Been there, done that
As I’ve pointed out in the past, the many problems with Negan’s storyline are exacerbated by a simple feeling that The Walking Dead has been to Negantown before, with a more compelling villain named the Governor. Because that faint fog of repetition hangs over everything, Negan has to be even bigger and badder to compensate.
Part of the issue stems from The Walking Dead being a TV show in its seventh season. No matter how creative your showrunner, how original your premise, it is hard to wring seven seasons of original stories from the same basic set of ideas. This goes doubly for the zombie apocalypse, which necessarily limits your storytelling capabilities. The Walking Dead can’t suddenly become a legal drama or something.
So while I very much enjoyed seeing Khary Payton play the pragmatic but optimistic King Ezekiel — and appreciated the effort of the less talented sister of the tiger from the movie Life of Pi in the role of Shiva — I couldn’t help but feel like the events of "The Well" were a repetition of stories we’d seen before, with slightly weirder stuff around the edges to make it seem "different."
And don’t get me wrong. Listening to Ezekiel speak in ostentatious, faux-royal language was fun, as were the doleful strains of the a cappella choir singing Bob Dylan’s "Don’t Think Twice." (Hey, if any musical artist is going to survive via choral tradition in the post-apocalypse, it’s Bob Dylan.)
But even with all of the quirky oddness, the episode seemed like a conscious combination of elements from other warrens ... er ... communities we’d come across before.
The recipe seems simple: a little dash of the peacefulness of Alexandria, wedded to some of the "willing to overlook horrors in the name of relative sanctuary" from that season five hospital, with just a pinch of the "I guess all anybody does here is finish jigsaw puzzles" somnambulant quality of Herschel’s farm.
And if the rest of The Walking Dead weren’t bugging me so much, that might be fine.
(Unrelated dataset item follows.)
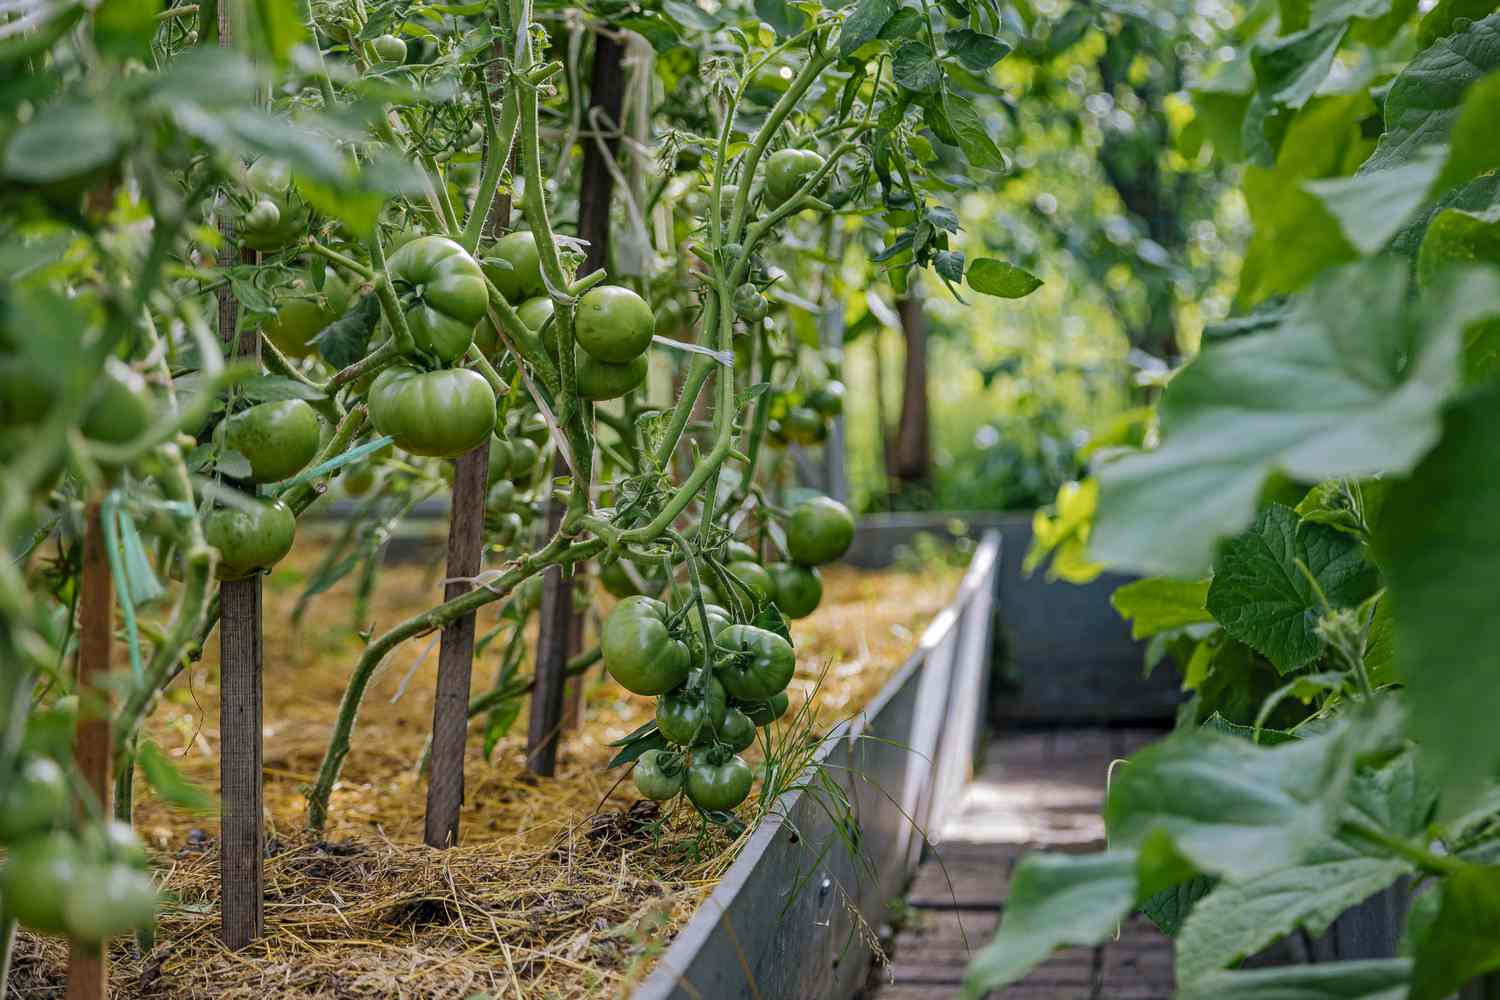 Después de los tomates, no se debe cultivar ningún miembro de la familia de las solanáceas en este parterre durante al menos un año

I would be content to watch Melissa McBride and Lennie James goof around with computer-generated tigers, former zookeepers turned kings, and your college glee club for a few weeks, especially if they suddenly started jousting or something.
But the appearance of the Saviors reminded me that, hey, the rest of the show is pretty much at the bottom of a ditch right now. That makes it harder to forgive "The Well" for having basically no story beyond "look at this weird new community we found!" It makes it harder to forgive The Walking Dead’s writers for penning a Carol arc that still doesn’t make much sense on any level — even though, under different circumstances, I probably would’ve been willing to overlook both transgressions, for McBride and James’s sake.
Maybe that’s not fair to "The Well," but I’d say the rest of the show isn’t being very fair to what few pleasures the series has left. I’m starting to realize why Watership Down wasn’t an episodic TV show.